## Exercise
Please restate exactly the lines from the one holding "Vintage Vera Bradley" to the end of the material, including both ends and excluding every picture.

## Data block
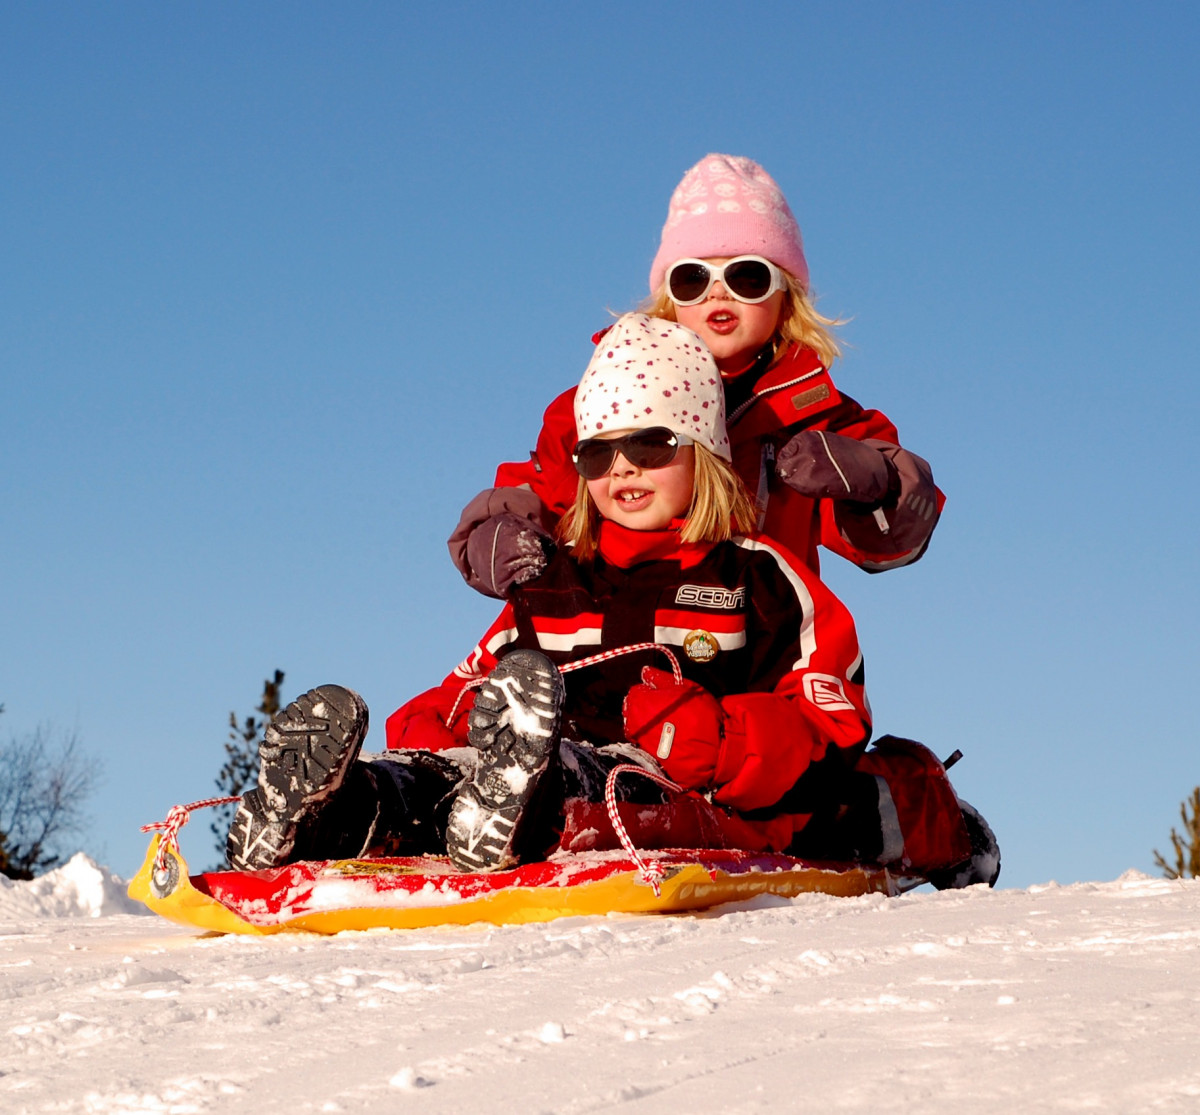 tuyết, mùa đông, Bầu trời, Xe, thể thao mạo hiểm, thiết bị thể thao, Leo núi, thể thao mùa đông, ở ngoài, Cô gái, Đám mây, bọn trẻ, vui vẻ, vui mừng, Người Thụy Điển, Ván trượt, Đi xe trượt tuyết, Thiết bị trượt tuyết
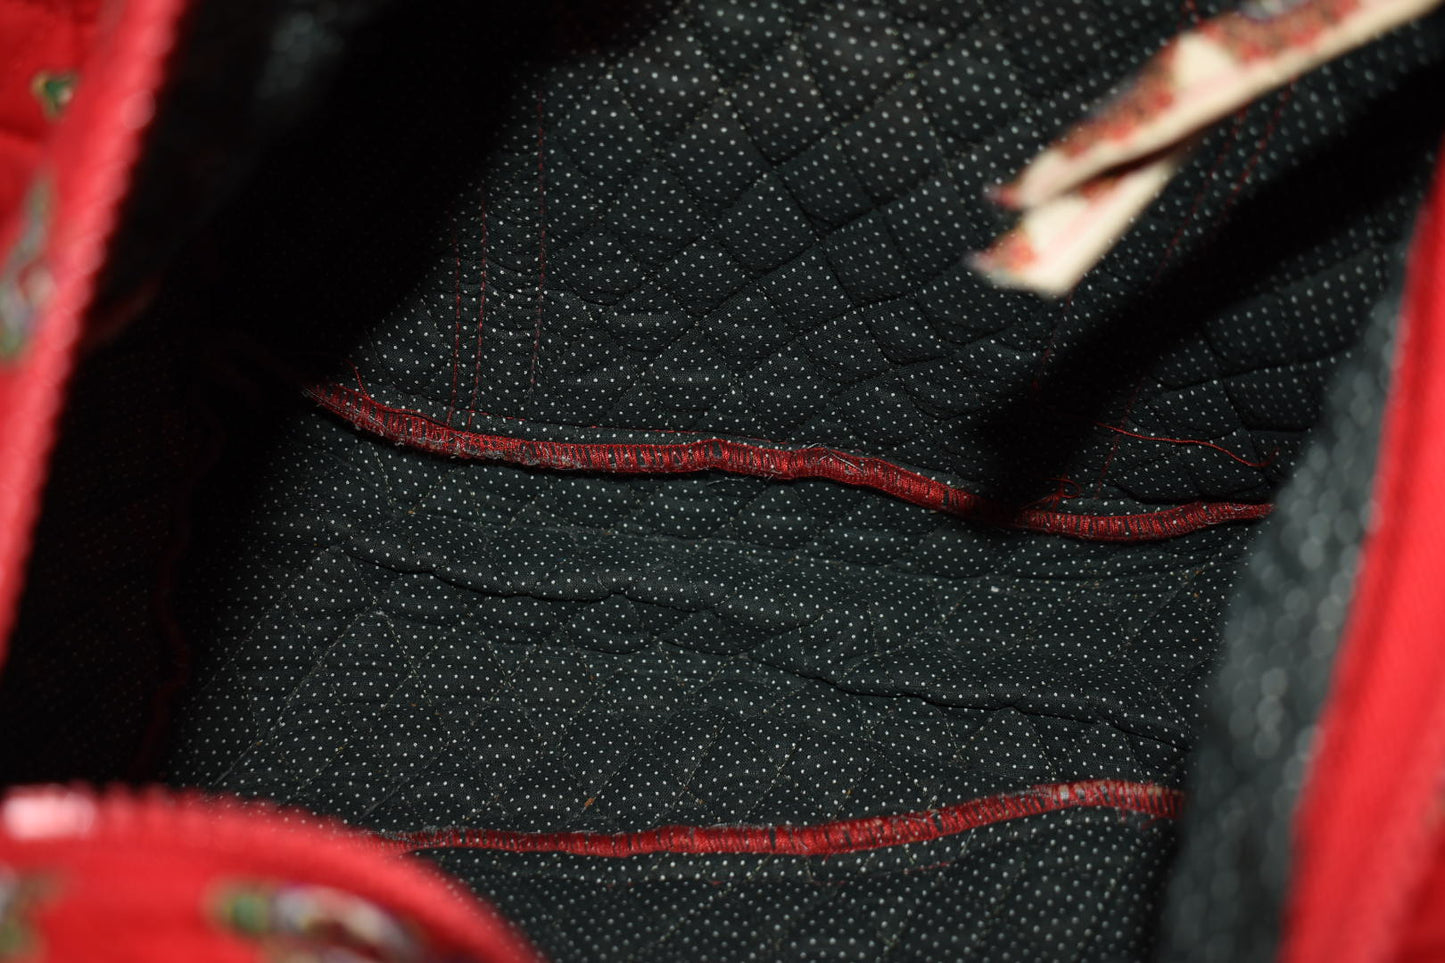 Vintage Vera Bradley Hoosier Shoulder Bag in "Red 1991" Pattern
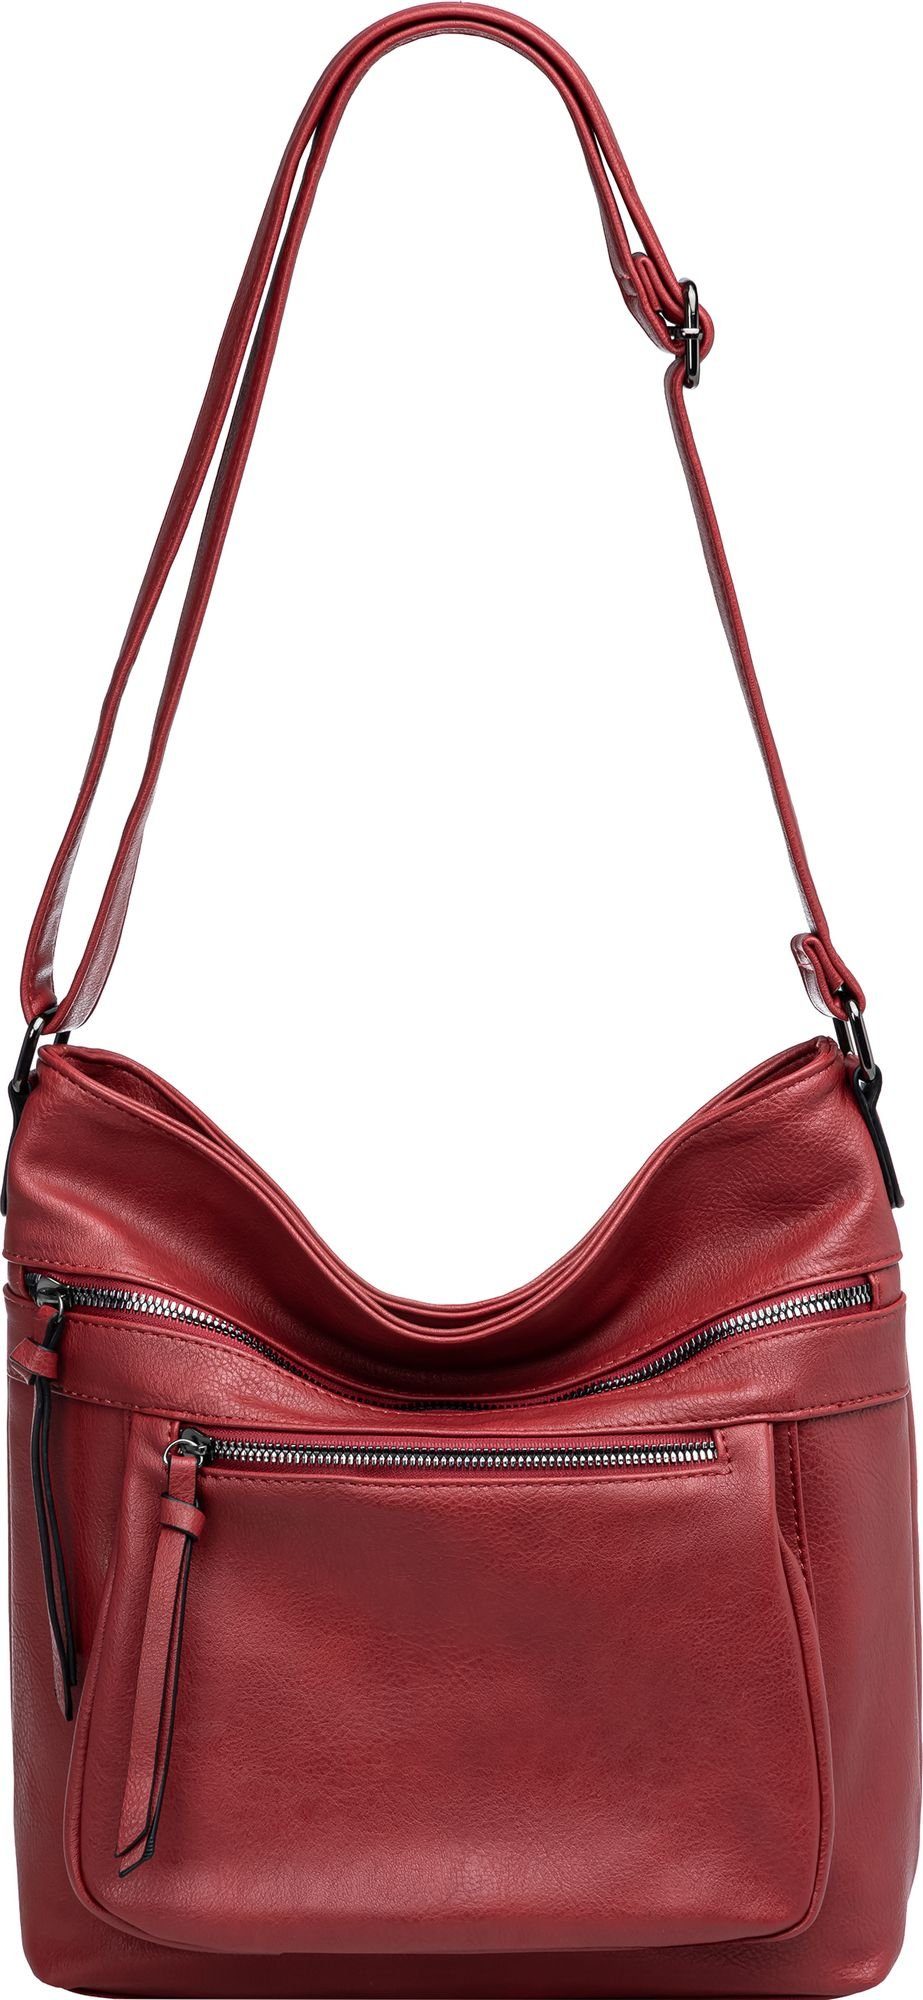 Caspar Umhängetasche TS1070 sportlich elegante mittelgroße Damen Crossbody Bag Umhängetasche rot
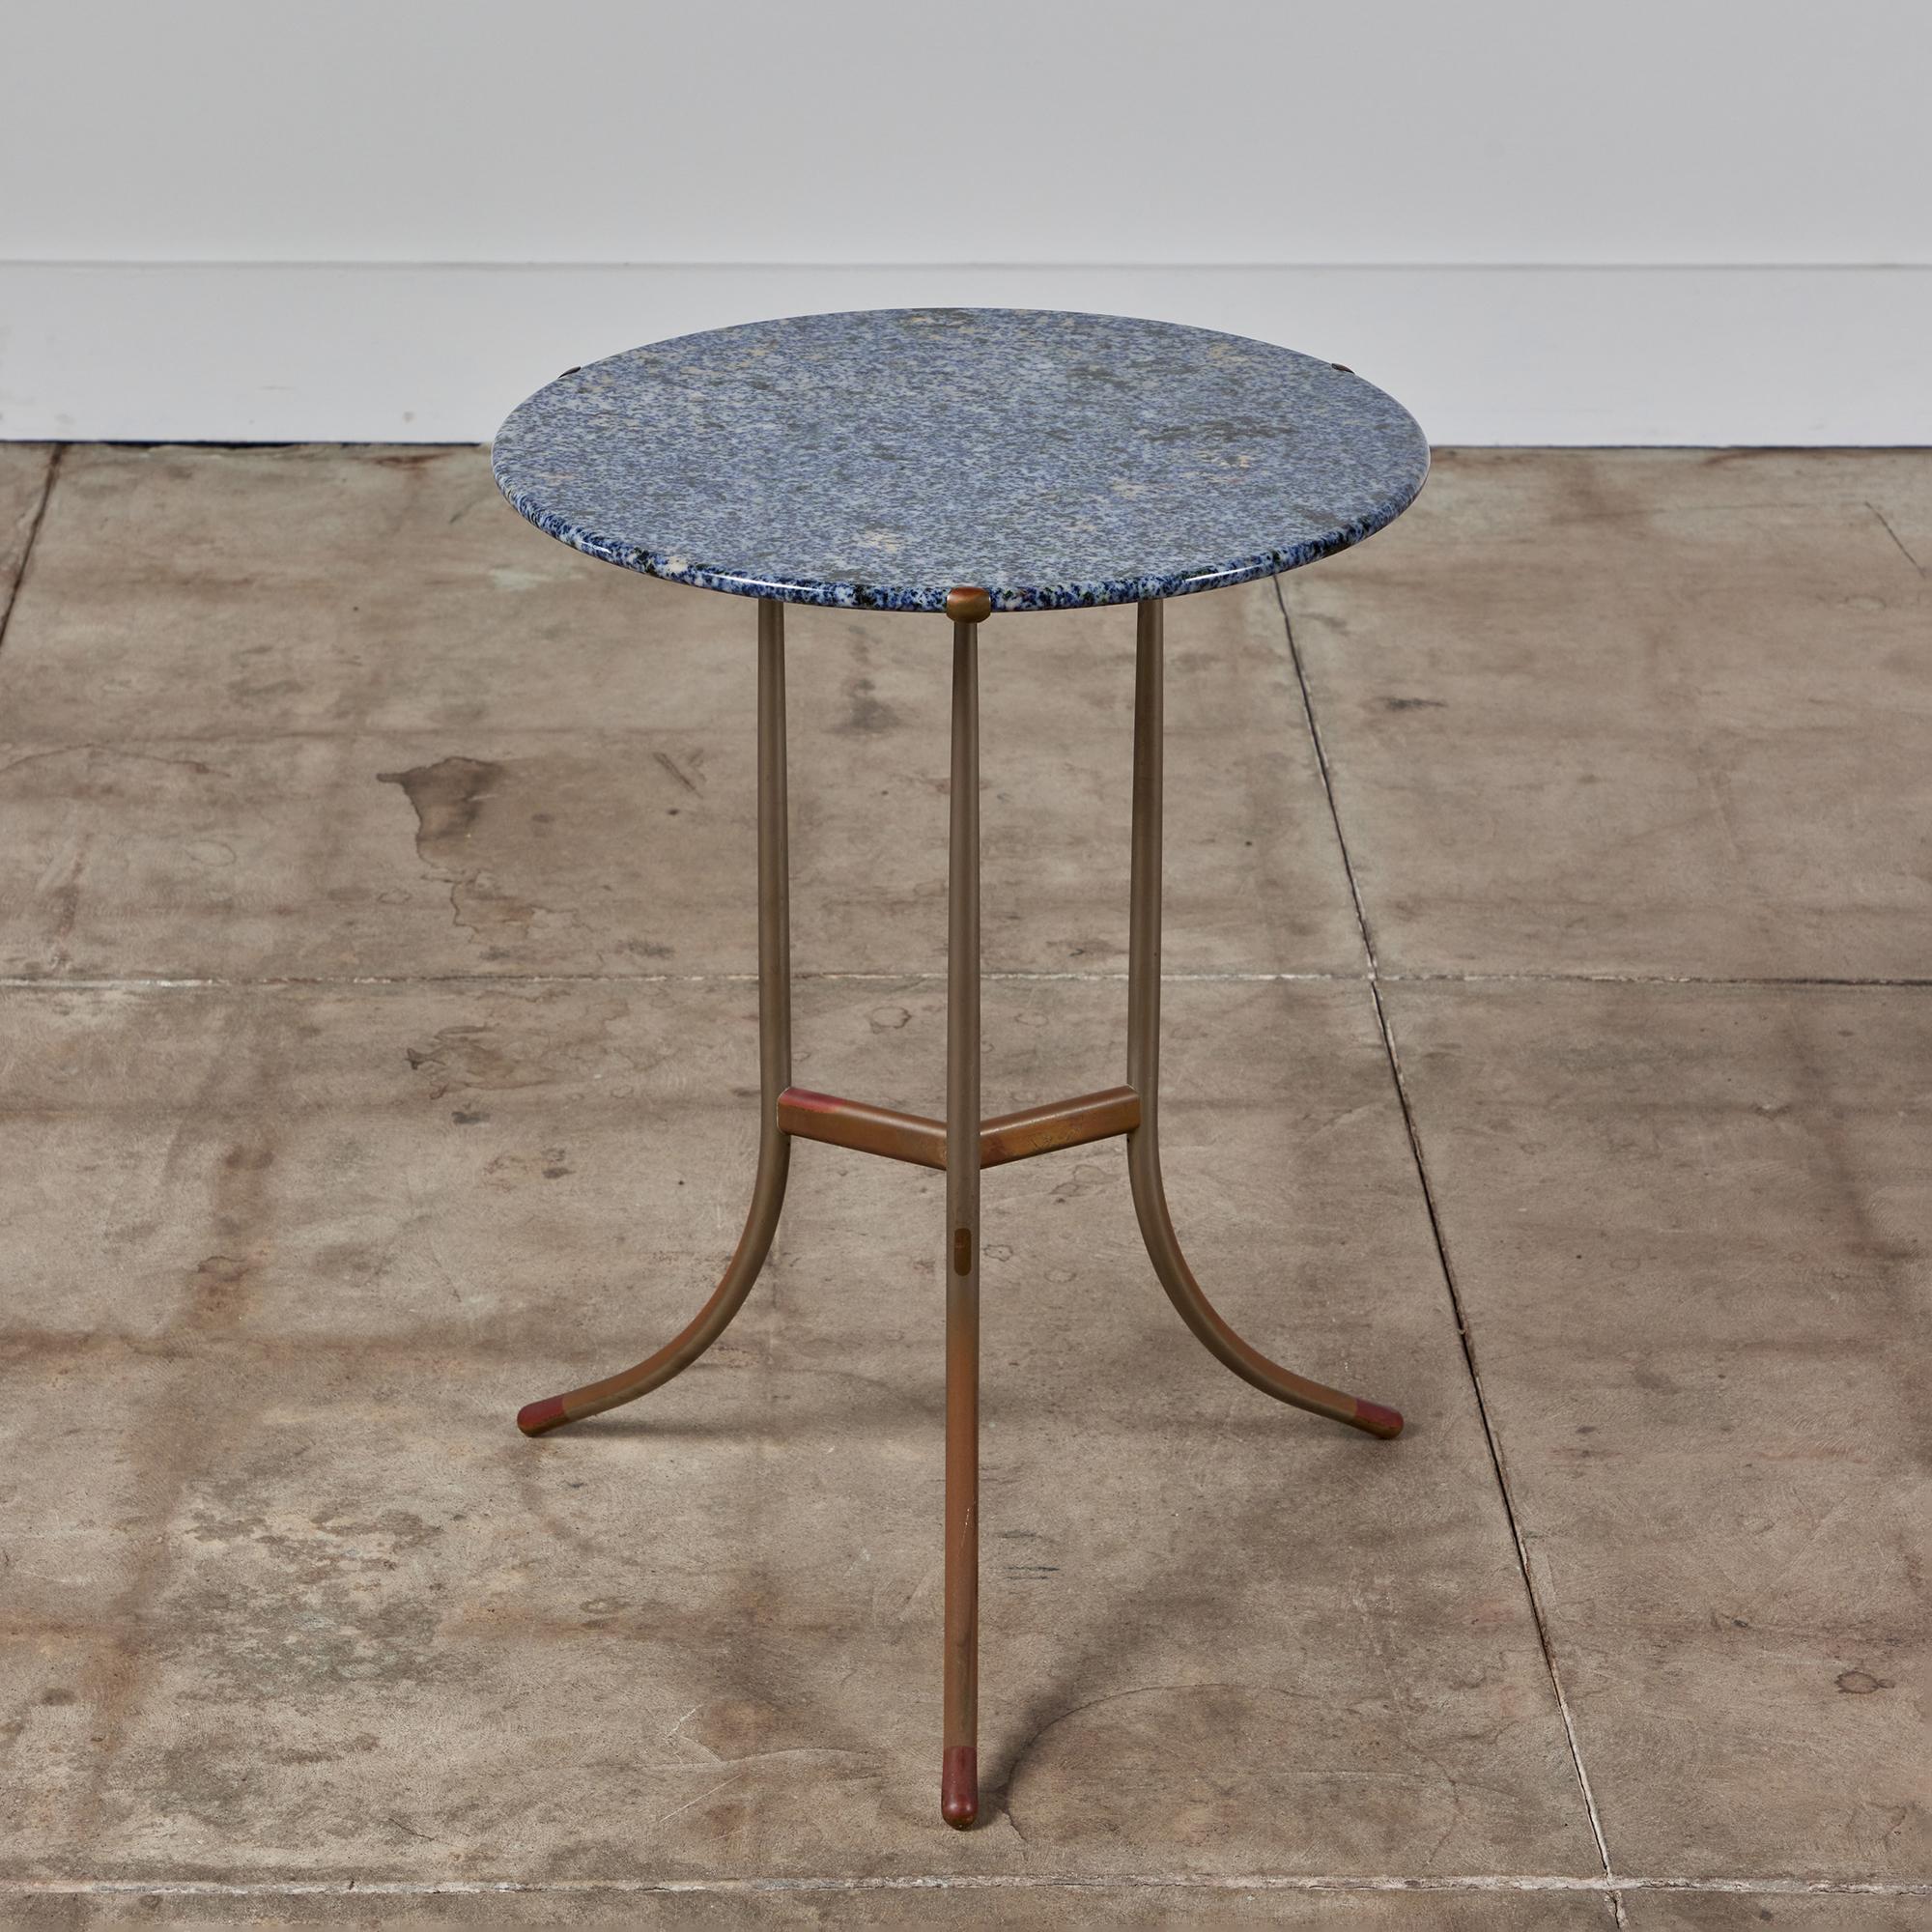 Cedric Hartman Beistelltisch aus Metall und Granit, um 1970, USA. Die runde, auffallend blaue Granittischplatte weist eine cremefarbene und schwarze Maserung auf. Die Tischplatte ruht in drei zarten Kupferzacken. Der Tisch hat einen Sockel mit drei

## Expected answer
 Vintage Vera Bradley Hoosier Shoulder Bag in "Red 1991" Pattern
 Caspar Umhängetasche TS1070 sportlich elegante mittelgroße Damen Crossbody Bag Umhängetasche rot
 Cedric Hartman Beistelltisch aus Metall und Granit, um 1970, USA. Die runde, auffallend blaue Granittischplatte weist eine cremefarbene und schwarze Maserung auf. Die Tischplatte ruht in drei zarten Kupferzacken. Der Tisch hat einen Sockel mit drei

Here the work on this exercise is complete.